> _INPUT DATA_
┌──

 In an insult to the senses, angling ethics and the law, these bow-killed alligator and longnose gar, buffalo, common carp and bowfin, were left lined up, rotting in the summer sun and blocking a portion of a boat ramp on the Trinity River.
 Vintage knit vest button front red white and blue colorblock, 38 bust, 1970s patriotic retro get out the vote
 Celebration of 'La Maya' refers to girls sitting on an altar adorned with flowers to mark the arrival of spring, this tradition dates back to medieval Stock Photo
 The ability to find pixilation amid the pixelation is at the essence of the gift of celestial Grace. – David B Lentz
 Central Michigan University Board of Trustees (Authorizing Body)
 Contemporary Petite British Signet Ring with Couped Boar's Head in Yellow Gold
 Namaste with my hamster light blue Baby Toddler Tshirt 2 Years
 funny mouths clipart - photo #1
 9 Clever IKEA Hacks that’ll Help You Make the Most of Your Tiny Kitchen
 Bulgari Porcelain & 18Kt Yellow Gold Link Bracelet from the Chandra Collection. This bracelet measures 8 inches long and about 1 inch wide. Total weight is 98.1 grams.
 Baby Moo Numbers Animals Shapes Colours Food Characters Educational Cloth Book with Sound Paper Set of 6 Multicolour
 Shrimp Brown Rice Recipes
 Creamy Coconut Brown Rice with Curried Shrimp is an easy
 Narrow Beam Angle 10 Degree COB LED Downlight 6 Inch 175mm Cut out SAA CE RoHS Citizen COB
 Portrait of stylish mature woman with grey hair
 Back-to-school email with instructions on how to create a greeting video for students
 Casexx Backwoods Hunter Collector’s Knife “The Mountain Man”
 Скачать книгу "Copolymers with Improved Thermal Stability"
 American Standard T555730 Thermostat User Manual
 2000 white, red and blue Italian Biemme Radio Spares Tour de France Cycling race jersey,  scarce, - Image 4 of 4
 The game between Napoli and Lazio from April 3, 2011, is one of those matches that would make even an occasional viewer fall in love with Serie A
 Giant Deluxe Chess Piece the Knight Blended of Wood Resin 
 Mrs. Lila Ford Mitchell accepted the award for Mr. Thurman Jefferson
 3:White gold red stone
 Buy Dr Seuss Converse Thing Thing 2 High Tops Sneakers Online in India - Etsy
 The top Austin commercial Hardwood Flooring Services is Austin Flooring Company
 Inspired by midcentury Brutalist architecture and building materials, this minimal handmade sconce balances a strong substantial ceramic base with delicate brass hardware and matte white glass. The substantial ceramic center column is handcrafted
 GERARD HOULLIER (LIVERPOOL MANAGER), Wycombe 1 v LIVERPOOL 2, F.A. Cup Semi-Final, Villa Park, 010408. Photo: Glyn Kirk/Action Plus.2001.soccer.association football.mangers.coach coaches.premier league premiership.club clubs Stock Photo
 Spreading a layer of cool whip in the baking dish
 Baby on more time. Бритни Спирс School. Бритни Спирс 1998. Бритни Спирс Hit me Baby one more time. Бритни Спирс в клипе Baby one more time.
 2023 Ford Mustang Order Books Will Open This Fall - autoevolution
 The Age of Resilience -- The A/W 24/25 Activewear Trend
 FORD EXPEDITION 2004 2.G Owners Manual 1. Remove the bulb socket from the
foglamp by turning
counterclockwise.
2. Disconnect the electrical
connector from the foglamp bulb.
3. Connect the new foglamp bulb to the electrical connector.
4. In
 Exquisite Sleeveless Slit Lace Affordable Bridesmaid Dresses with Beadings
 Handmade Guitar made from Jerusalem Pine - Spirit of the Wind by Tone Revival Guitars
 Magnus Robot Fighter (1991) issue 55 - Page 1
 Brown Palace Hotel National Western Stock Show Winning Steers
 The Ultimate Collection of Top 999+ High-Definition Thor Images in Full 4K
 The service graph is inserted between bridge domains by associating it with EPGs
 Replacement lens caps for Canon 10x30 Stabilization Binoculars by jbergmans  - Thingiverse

└──

> _YOUR GOAL_
Wherever the string "foglamp" appears in the records, copy the whole line.

> _RESPONSE TO THIS TASK_
foglamp by turning
connector from the foglamp bulb.
3. Connect the new foglamp bulb to the electrical connector.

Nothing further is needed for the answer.